Brady is a professor at the University of Canterbury and an authority on the Chinese regime. Like many, Brady mocked the recent Communist Party’s over-the-top celebration of Chinese President Xi Jinping. She soon found that some of her tweets were “unavailable,” Twitter’s version of being “disappeared.”

What happened next is all-too-familiar: nothing. Brady tried to get someone to respond to the censorship and received no answer. Indeed, Twitter makes it extraordinarily difficult to reach anyone on such issues. While professing commitment to transparency, the company is notorious for being unresponsive and closed to criticism, even efforts to learn why actions have been taken on such tweets. It was only after Edward Lucas, a journalist for the Times of Britain, inquired that the company finally responded to him rather than Brady.  Her account was then restored without an apology or acknowledgement. Brady dryly noted “Seems like @Twitter may have briefly forgotten they don’t work for Xi Jinping.”

The assumption is that this is the work of Chinese agents who submit a torrent of complaints to trigger a flagging. Various groups have used the same technique to cancel opposing views. Twitter does nothing about it. Rather than have a presumption in favor of free speech, it automatically flags material pending proof that it is worthy of publication. That often means that it does not disagree with Twitter’s own view of certain sensitive subjects. Absent media coverage, the Chinese would likely have succeeded in silencing Brady with the help of Twitter.

As discussed earlier, members of Congress are now pushing for public and private censorship on the internet and in other forums. They are being joined by an unprecedented alliance of academics, writers and activists calling for everything from censorship to incarceration to blacklists. For example, an article published in The Atlantic by Harvard law professor Jack Goldsmith and University of Arizona law professor Andrew Keane Woods called for Chinese-style censorship of the internet, stating that “in the great debate of the past two decades about freedom versus control of the network, China was largely right and the United States was largely wrong.”
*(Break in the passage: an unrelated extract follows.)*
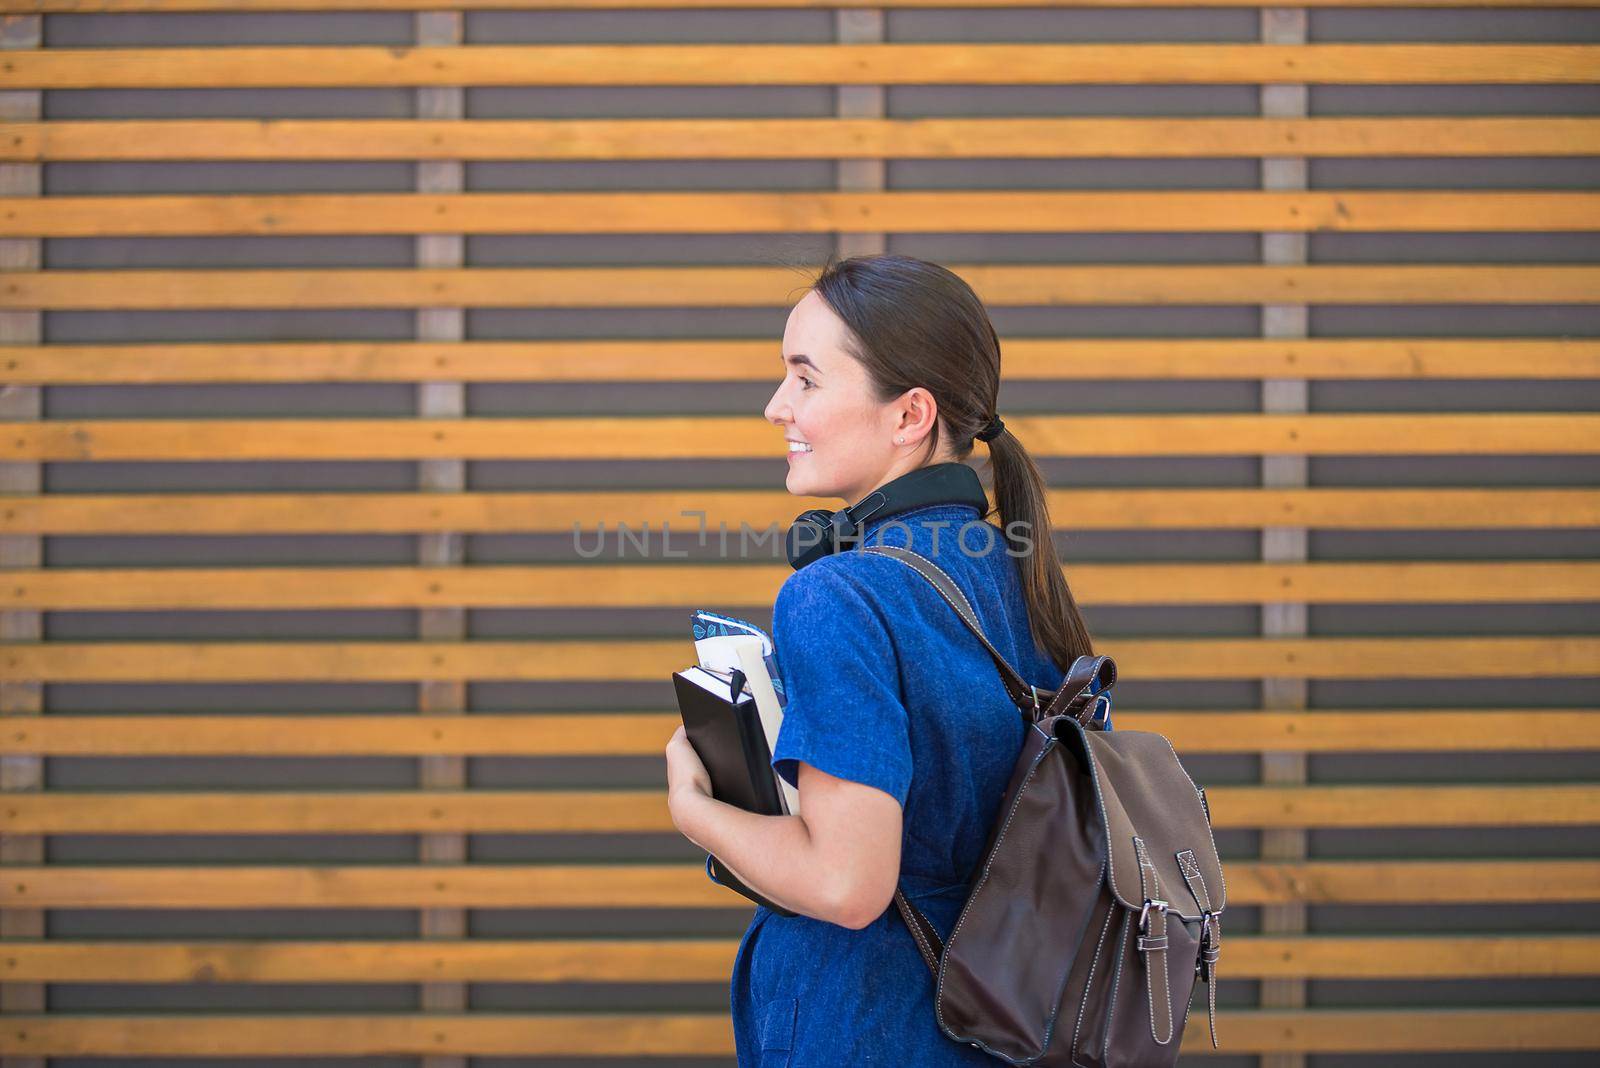 student girl is standing near wooden wall holding books

Much of the effort by politicians and activists has been directed at using Big Tech to censor or bar opposing viewpoints, seeking to achieve indirectly what cannot be achieved directly in curtailing free speech. Congress could never engage in this type of raw content discrimination between news organizations under the First Amendment.

However, it can use its influence on private companies to limit free speech. The move makes obvious sense if the desire is to shape and control opinion — the essence of state-controlled media. Controlling speech on certain platforms is meaningless if citizens can still hear opposing views from other sources. You must not only control the narrative but also eliminate alternatives to it.

 

 

 

 

71 thoughts on “Twitter Flags Foreign Policy Expert Tweeting Criticism Of China”

  1. “Twitter Flags Foreign Policy Expert Tweeting Criticism Of China”, the irony of that is stunning. Free speech on the Beijing plan.

  2. make no mistake:
    what happened in 1930s and 1940s germany is coming to america if the the democrats arent beaten badly in the 2022 midterms
    you can deny reality
    what you cant deny is the consequences of denying reality

  3. Twitter banned someone on behalf of China.
    Twitter banned Trump (China’s enemy # 1).
    Facebook banned Trump.
    Facebook allowed ISIS terrorists’ postings.
    Google …

    Even the migrant loving Angela Merkel said Trump should not be banned.

    Twitter, Facebook, Google need to be banned, hacked, …

  4. There are those on this forum who will tell us that a private business such as Twitter can do anything the want. This response is by these posters is always the same anytime that Professor Turley writes about censorship on social (public) media. I offer the same answer that I always give. There once was a little girl who was walking home from school on a dusty road on a very hot summer day. She found herself cancelled from drinking from the water fountain at the local gas station, The gas station was a private business open to public use. The little girl was black.

  5. I don’t have a Twitter or a Facebook account but I accept that these outlets have millions of viewers. They are forums that allow reaching millions of people with your ideas or opinions. Like it or not they have the power to shut down even people with the highest credentials in their field. https://en.wikipedia.org/wiki/Anne-Marie_Brady. Do we want to be limited in our access to the worlds great thinkers? There was a time when Nicklaus Copernicus was cancelled because he said that the earth moved around the sun. Do we want the cancelers of today who display the same characteristics of the cancelers of the past to tell us what we can or can not see? Those who clung to their ignorance in the past are no different from those who cling to their ignorance today. In Twitters case we find two dangers, their willful ignorance and their quest for the Chinese dollar. If it were a criminal case the question would be, Do they have the motivation and do they have the opportunity?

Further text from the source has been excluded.